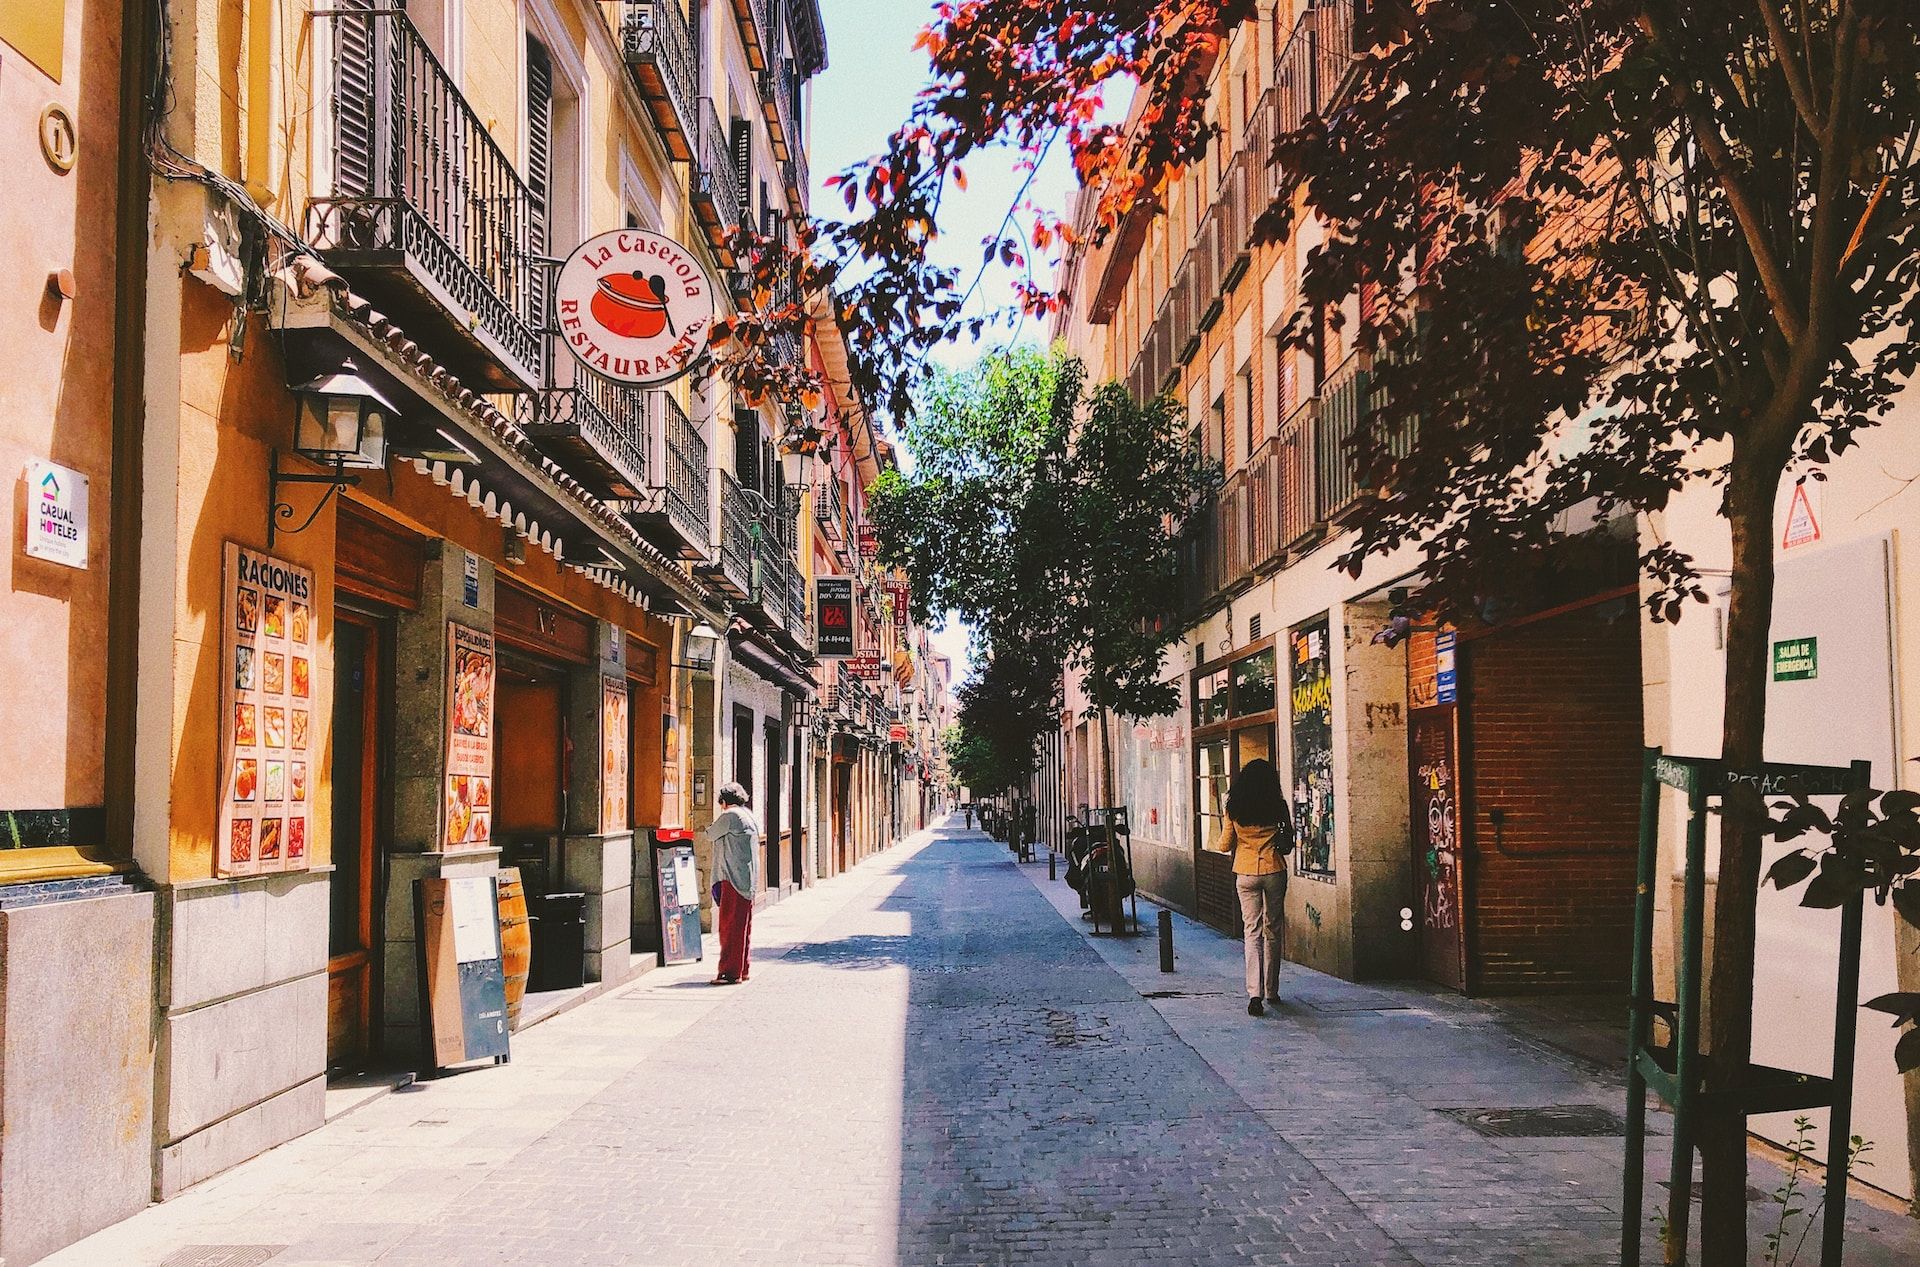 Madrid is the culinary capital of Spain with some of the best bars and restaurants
☆ ☆ ☆ ☆ ☆ ☆ ☆
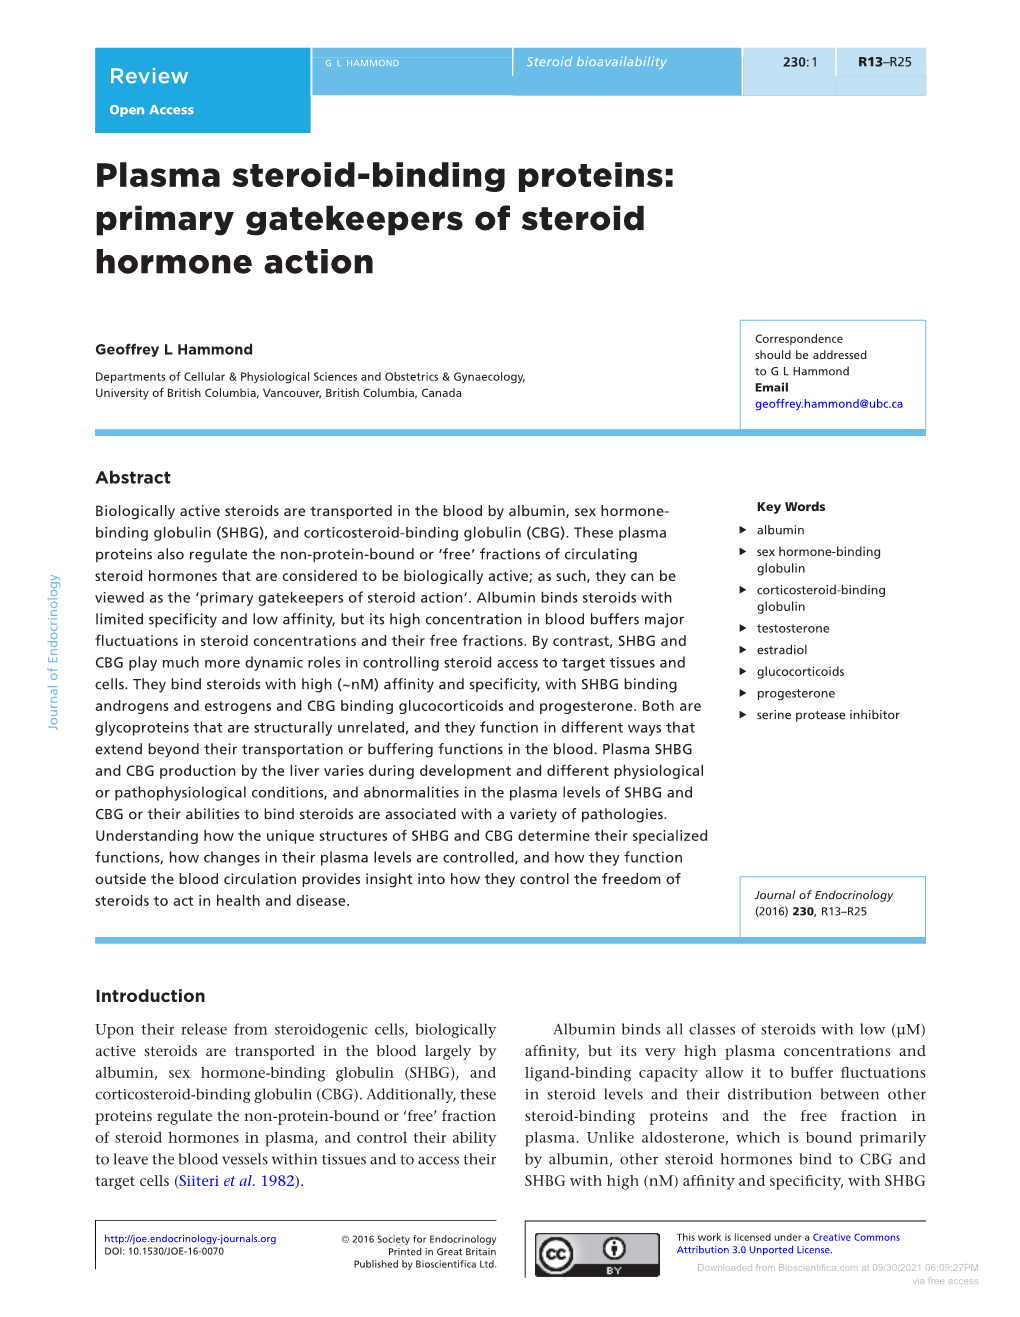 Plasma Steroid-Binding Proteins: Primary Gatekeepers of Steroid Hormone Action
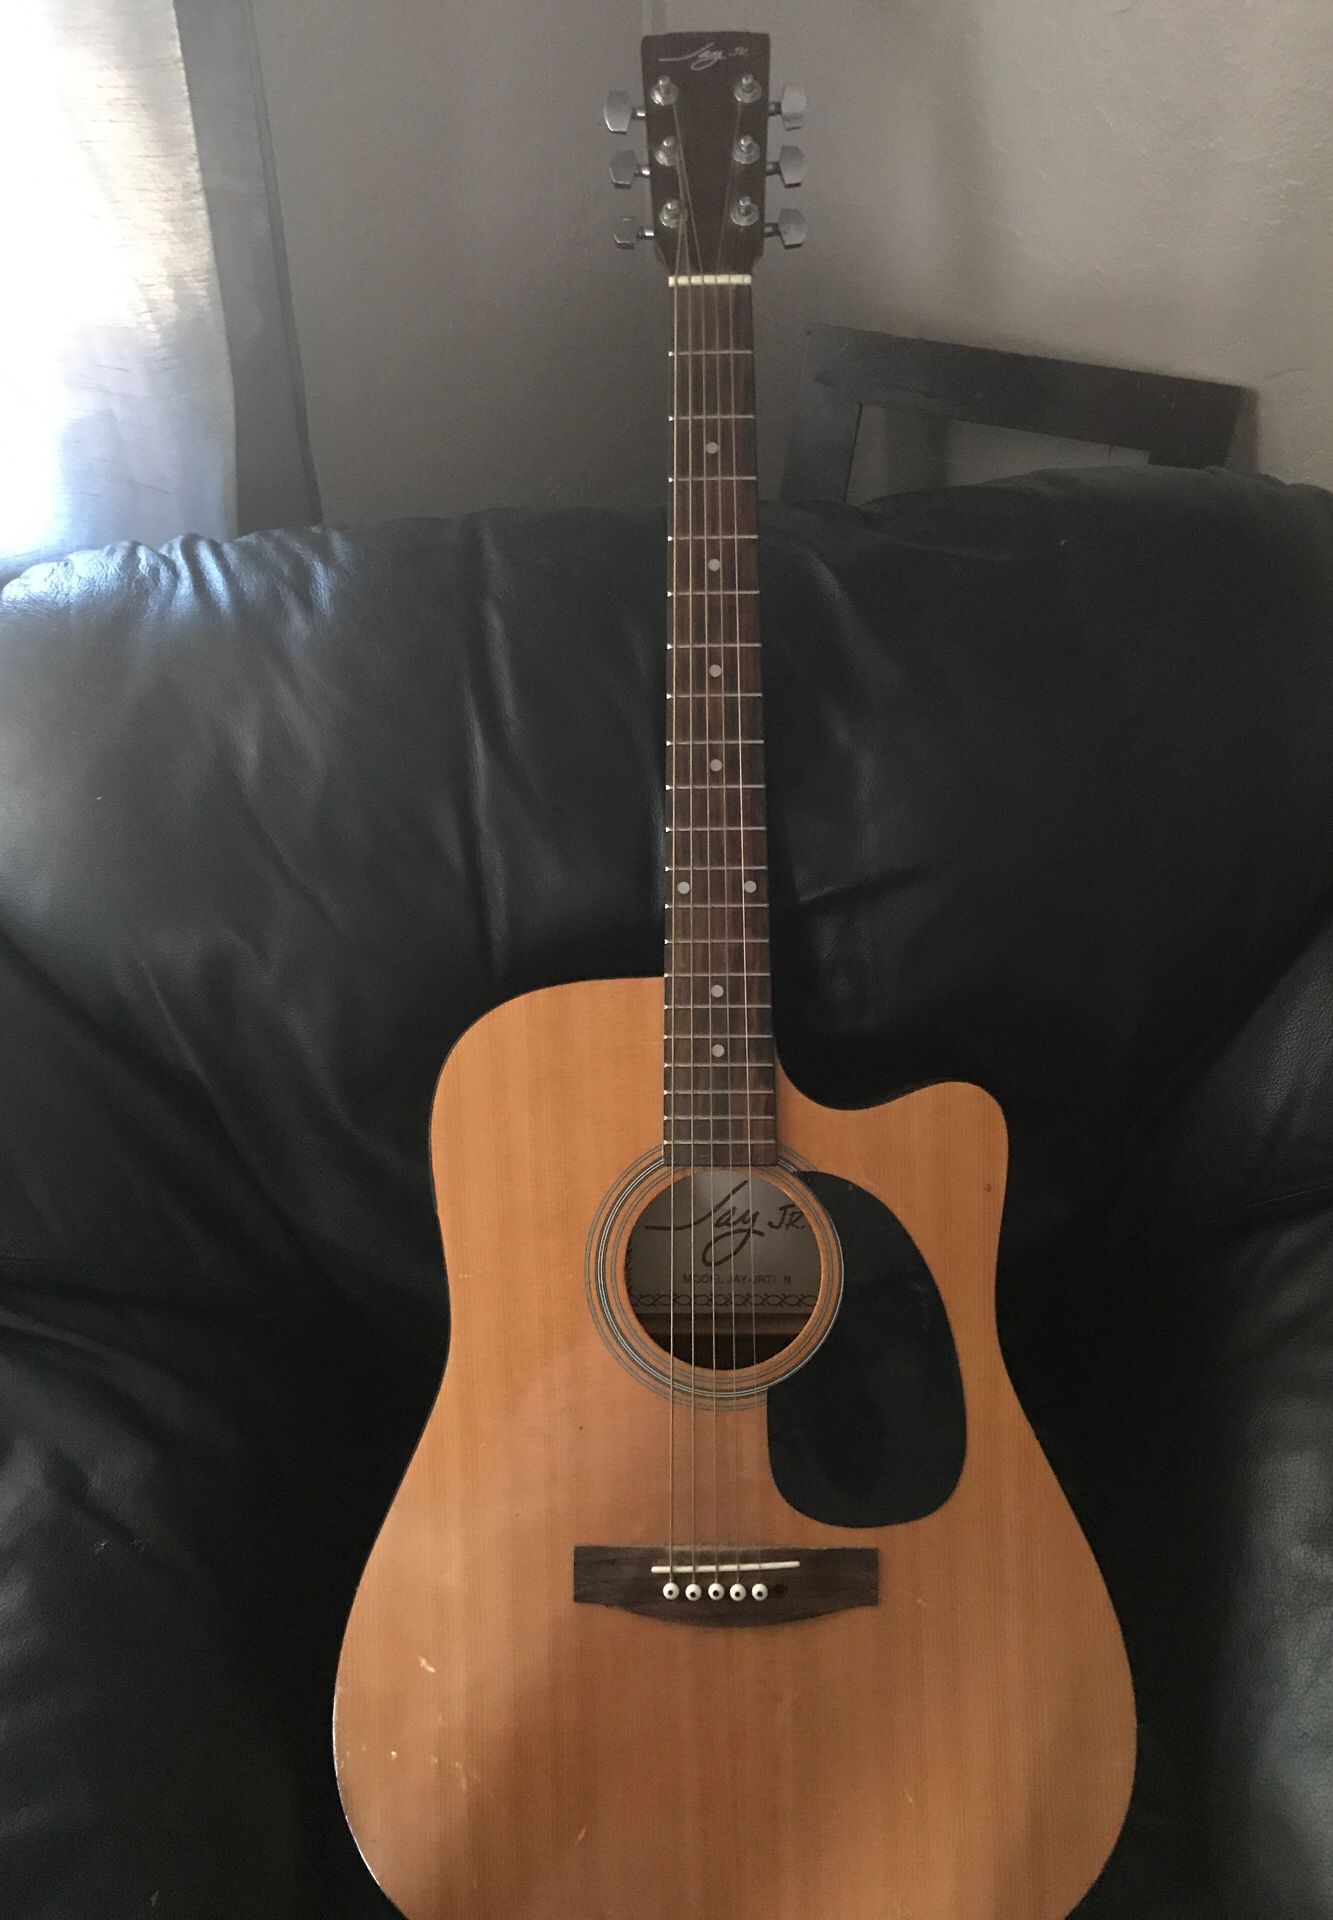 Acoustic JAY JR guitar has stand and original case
☆ ☆ ☆ ☆ ☆ ☆ ☆
**Your assignment:** When copying from the data above, begin at the line containing "Plasma Steroid-Binding Proteins: Primary" and end at the line containing "Acoustic JAY JR"; return those lines exactly and leave all pictures behind.

**Exercise result:**
 Plasma Steroid-Binding Proteins: Primary Gatekeepers of Steroid Hormone Action
 Acoustic JAY JR guitar has stand and original case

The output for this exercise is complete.